SOMDE
Recently, I read a paper to identify spatial variable genes named "SOMDE: a scalable method for identifying spatially variable genes with self-organizing map."
Part1
As its abstract shows:
We present SOMDE, an efficient method for identifying SVgenes in large-scale spatial expression data. SOMDE uses the self-organizing map to cluster neighboring cells into nodes and then uses a Gaussian process to fit the node-level spatial gene expression to identify SVgenes. Experiments show that SOMDE is about 5–50 times faster than existing methods with comparable results. The adjustable resolution of SOMDE makes it the only way to give results in 5 min in large datasets of more than 20 000 sequencing sites. SOMDE is available as a python package on PyPI at https://pypi.org/project/somde for educational use.
So, what is the self-organizing map?
A self-organizing map (SOM) is a type of artificial neural network (ANN) that is trained using unsupervised learning to produce a low-dimensional (typically two-dimensional), discretized representation of the input space of the training samples, called a map, and is therefore, a method to make dimensionality reduction. Self-organizing maps differ from other artificial neural networks as they apply competitive learning instead of error-correction education (such as backpropagation with gradient descent) because they use a neighborhood function to preserve the topological properties of the input space.
Part2
And, how does it work in the paper?
Let us see this figure.
\(N^2 \times k=C\)
where C is a constant representing the total number of data sites, and k is the model parameter called the neighbor number, which denotes the expected average number of original data sites each SOM node represents. This parameter controls how condensed the learned SOM is. A larger k means higher condensation.

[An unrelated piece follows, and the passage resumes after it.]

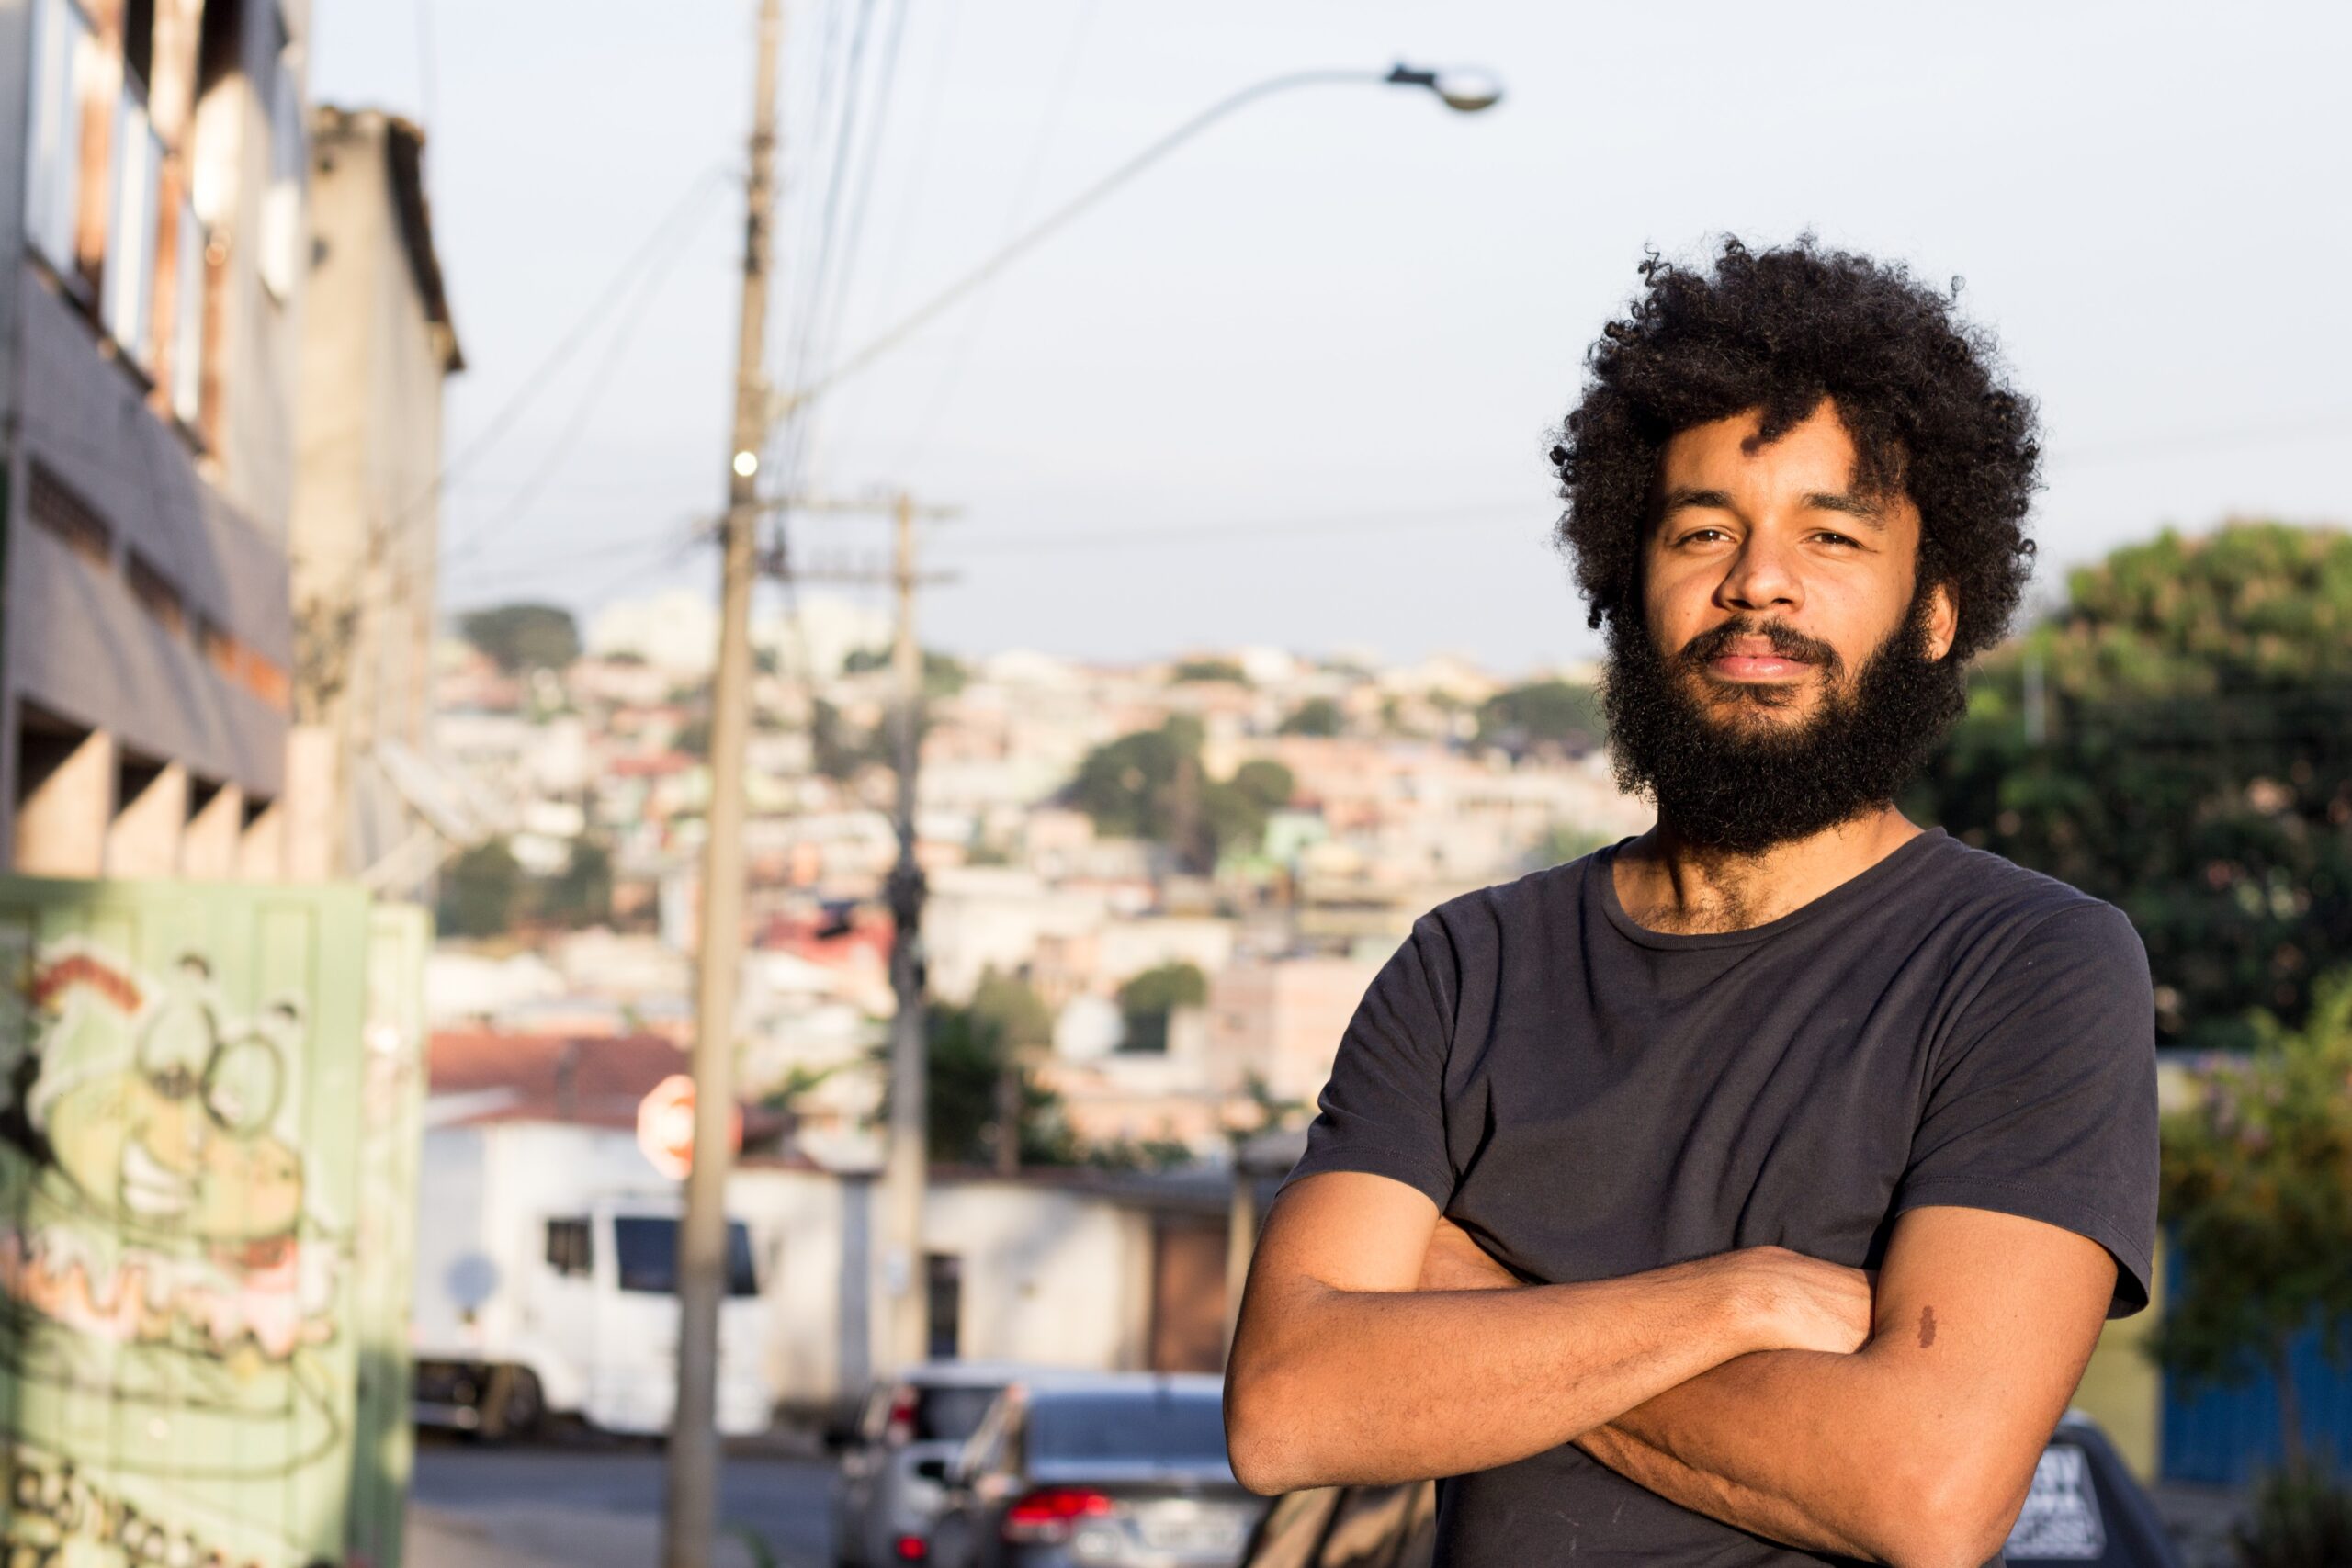 foto de Gabriel Martins, homem negro com cabelo afro em frente a uma favela

As it showed in (a), it initializes the value and dimension of SOM Node weight \(M=(m_1,m_2,m_{N*N})\) , like the orange spots. After initialization, SOM adjusts the weight of each node toward the tissue spatial topology through a repetitive training process using all spatial coordinates \(X=(X_1,X_2,X_3,X_C)\) as tranining samples.
Cycle after cycle. After training, each data site maps to a unique SOM node. Each SOM node represents the group of sites that are mapped to it. Node weights in the learned SOM can be treated as new spatial coordinates for the data sites. The new spatial locations \(X=\left(\tilde{x}_1, \tilde{x}_2, \ldots, \tilde{x}_{N \times N}\right)\) compose the sparse topology of the original data
In a SOM node, to define its gene expression as the linear combination of the max value and average value of the gene expression in the group of sites that the node represents. The reason for not using average value as a meta-expression is due to the high sparsity in large-scale data that could bias the result.
\(\tilde{\boldsymbol{Y}}_{i, j}=\gamma \cdot \max \left(y_{S 1}, y_{S 2}, \ldots\right)+(1-\gamma) \cdot \operatorname{avg}\left(y_{S 1}, y_{S 2}, \ldots\right)\)
where \(y_{S 1}\) is the expression value of the gene at the data site \(x_{S 1}\). The combination ratio \(\gamma\) balances the local maximum and mean gene expression. We use \(\gamma = 0.5\) as the default in current experiments.
With this computational model, how to deduce SVGs?
\(p\left(\tilde{\boldsymbol{y}} \mid H_{\mathrm{G}}, \tilde{\boldsymbol{X}}, \Theta\right)=\mathcal{N}\left(\tilde{\boldsymbol{y}} \mid \mu \cdot 1, \sigma_s^2 \cdot \boldsymbol{\Sigma}_{k(\tilde{\boldsymbol{x}}, \widetilde{\boldsymbol{x}} \mid \theta)}+\delta \cdot \boldsymbol{I}\right)\)
where \(\tilde{\boldsymbol{y}}\) denotes one gene meta-expression in the SOM plane and \(\tilde{\boldsymbol{X}}\) denotes SOM node locations.
\(\delta \cdot \boldsymbol{I}\) indicates the non-spatial variance given by Gaussian distributed noise in all observed gene meta-expressions. \(\boldsymbol{\Sigma}_{k(\tilde{\boldsymbol{x}}, \widetilde{\boldsymbol{x}} \mid \theta)}\) captures the spatial variation by using a selected kernel function \(k(\cdot)\)
Compared with the original Gaussian process model, model HG assumes one gene meta-expression at all spatial locations has the same mean value l so that the non-spatial variance cannot be regressed out. Thus the maximum likelihood value of HG mainly depends on spatial variance.